# WHAT YOU HAVE TO DO
All of the entries should be written out again exactly.
--------
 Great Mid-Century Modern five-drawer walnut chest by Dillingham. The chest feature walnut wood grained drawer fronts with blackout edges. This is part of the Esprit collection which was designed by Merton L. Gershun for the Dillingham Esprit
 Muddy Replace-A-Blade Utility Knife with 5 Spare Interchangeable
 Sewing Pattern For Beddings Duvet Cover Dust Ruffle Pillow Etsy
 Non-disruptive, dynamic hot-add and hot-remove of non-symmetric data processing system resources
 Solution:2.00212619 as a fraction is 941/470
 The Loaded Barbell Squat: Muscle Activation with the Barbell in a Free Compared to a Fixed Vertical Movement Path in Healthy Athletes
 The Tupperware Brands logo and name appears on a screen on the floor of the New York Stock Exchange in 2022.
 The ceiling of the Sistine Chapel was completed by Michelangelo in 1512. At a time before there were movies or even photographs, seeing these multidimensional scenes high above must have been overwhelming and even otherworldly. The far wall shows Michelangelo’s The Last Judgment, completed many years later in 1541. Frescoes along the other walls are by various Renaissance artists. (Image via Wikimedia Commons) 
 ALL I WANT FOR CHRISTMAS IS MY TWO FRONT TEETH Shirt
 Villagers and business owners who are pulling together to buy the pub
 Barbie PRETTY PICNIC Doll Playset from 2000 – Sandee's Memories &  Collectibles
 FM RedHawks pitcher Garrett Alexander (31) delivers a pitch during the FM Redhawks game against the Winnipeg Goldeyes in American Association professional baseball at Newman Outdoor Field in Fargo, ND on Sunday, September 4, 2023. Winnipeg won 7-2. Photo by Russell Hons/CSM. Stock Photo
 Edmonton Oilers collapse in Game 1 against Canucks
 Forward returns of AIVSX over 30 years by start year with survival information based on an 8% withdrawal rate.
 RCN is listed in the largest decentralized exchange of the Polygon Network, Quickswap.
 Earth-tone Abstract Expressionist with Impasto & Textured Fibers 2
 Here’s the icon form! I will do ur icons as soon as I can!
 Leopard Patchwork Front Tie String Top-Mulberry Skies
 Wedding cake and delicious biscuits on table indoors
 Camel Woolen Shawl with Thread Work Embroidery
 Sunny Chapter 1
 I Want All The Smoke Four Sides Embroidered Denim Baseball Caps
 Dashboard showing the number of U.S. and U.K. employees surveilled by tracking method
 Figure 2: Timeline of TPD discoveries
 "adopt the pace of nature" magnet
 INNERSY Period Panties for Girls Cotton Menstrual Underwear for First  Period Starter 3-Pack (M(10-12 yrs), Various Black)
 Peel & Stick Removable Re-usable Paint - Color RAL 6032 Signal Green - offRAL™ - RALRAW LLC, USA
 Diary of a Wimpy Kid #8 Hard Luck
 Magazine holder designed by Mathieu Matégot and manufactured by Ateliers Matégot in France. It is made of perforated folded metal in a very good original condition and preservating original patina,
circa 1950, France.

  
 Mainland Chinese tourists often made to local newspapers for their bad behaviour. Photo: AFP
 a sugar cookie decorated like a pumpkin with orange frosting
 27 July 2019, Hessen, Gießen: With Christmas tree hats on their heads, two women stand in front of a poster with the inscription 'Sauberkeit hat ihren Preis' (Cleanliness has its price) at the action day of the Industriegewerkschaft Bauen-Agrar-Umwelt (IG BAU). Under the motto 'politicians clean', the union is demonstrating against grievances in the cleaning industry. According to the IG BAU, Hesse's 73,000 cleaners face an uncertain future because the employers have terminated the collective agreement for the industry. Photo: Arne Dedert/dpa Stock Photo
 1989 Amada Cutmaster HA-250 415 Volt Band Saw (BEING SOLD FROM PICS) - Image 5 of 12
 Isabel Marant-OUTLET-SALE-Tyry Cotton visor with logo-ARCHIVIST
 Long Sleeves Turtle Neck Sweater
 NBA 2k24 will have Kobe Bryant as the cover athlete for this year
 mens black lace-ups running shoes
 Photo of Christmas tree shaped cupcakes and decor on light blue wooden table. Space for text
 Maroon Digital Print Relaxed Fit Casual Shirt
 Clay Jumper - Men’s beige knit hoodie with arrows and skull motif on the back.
--------
# EXERCISE RESULT
 Great Mid-Century Modern five-drawer walnut chest by Dillingham. The chest feature walnut wood grained drawer fronts with blackout edges. This is part of the Esprit collection which was designed by Merton L. Gershun for the Dillingham Esprit
 Muddy Replace-A-Blade Utility Knife with 5 Spare Interchangeable
 Sewing Pattern For Beddings Duvet Cover Dust Ruffle Pillow Etsy
 Non-disruptive, dynamic hot-add and hot-remove of non-symmetric data processing system resources
 Solution:2.00212619 as a fraction is 941/470
 The Loaded Barbell Squat: Muscle Activation with the Barbell in a Free Compared to a Fixed Vertical Movement Path in Healthy Athletes
 The Tupperware Brands logo and name appears on a screen on the floor of the New York Stock Exchange in 2022.
 The ceiling of the Sistine Chapel was completed by Michelangelo in 1512. At a time before there were movies or even photographs, seeing these multidimensional scenes high above must have been overwhelming and even otherworldly. The far wall shows Michelangelo’s The Last Judgment, completed many years later in 1541. Frescoes along the other walls are by various Renaissance artists. (Image via Wikimedia Commons) 
 ALL I WANT FOR CHRISTMAS IS MY TWO FRONT TEETH Shirt
 Villagers and business owners who are pulling together to buy the pub
 Barbie PRETTY PICNIC Doll Playset from 2000 – Sandee's Memories &  Collectibles
 FM RedHawks pitcher Garrett Alexander (31) delivers a pitch during the FM Redhawks game against the Winnipeg Goldeyes in American Association professional baseball at Newman Outdoor Field in Fargo, ND on Sunday, September 4, 2023. Winnipeg won 7-2. Photo by Russell Hons/CSM. Stock Photo
 Edmonton Oilers collapse in Game 1 against Canucks
 Forward returns of AIVSX over 30 years by start year with survival information based on an 8% withdrawal rate.
 RCN is listed in the largest decentralized exchange of the Polygon Network, Quickswap.
 Earth-tone Abstract Expressionist with Impasto & Textured Fibers 2
 Here’s the icon form! I will do ur icons as soon as I can!
 Leopard Patchwork Front Tie String Top-Mulberry Skies
 Wedding cake and delicious biscuits on table indoors
 Camel Woolen Shawl with Thread Work Embroidery
 Sunny Chapter 1
 I Want All The Smoke Four Sides Embroidered Denim Baseball Caps
 Dashboard showing the number of U.S. and U.K. employees surveilled by tracking method
 Figure 2: Timeline of TPD discoveries
 "adopt the pace of nature" magnet
 INNERSY Period Panties for Girls Cotton Menstrual Underwear for First  Period Starter 3-Pack (M(10-12 yrs), Various Black)
 Peel & Stick Removable Re-usable Paint - Color RAL 6032 Signal Green - offRAL™ - RALRAW LLC, USA
 Diary of a Wimpy Kid #8 Hard Luck
 Magazine holder designed by Mathieu Matégot and manufactured by Ateliers Matégot in France. It is made of perforated folded metal in a very good original condition and preservating original patina,
circa 1950, France.

  
 Mainland Chinese tourists often made to local newspapers for their bad behaviour. Photo: AFP
 a sugar cookie decorated like a pumpkin with orange frosting
 27 July 2019, Hessen, Gießen: With Christmas tree hats on their heads, two women stand in front of a poster with the inscription 'Sauberkeit hat ihren Preis' (Cleanliness has its price) at the action day of the Industriegewerkschaft Bauen-Agrar-Umwelt (IG BAU). Under the motto 'politicians clean', the union is demonstrating against grievances in the cleaning industry. According to the IG BAU, Hesse's 73,000 cleaners face an uncertain future because the employers have terminated the collective agreement for the industry. Photo: Arne Dedert/dpa Stock Photo
 1989 Amada Cutmaster HA-250 415 Volt Band Saw (BEING SOLD FROM PICS) - Image 5 of 12
 Isabel Marant-OUTLET-SALE-Tyry Cotton visor with logo-ARCHIVIST
 Long Sleeves Turtle Neck Sweater
 NBA 2k24 will have Kobe Bryant as the cover athlete for this year
 mens black lace-ups running shoes
 Photo of Christmas tree shaped cupcakes and decor on light blue wooden table. Space for text
 Maroon Digital Print Relaxed Fit Casual Shirt
 Clay Jumper - Men’s beige knit hoodie with arrows and skull motif on the back.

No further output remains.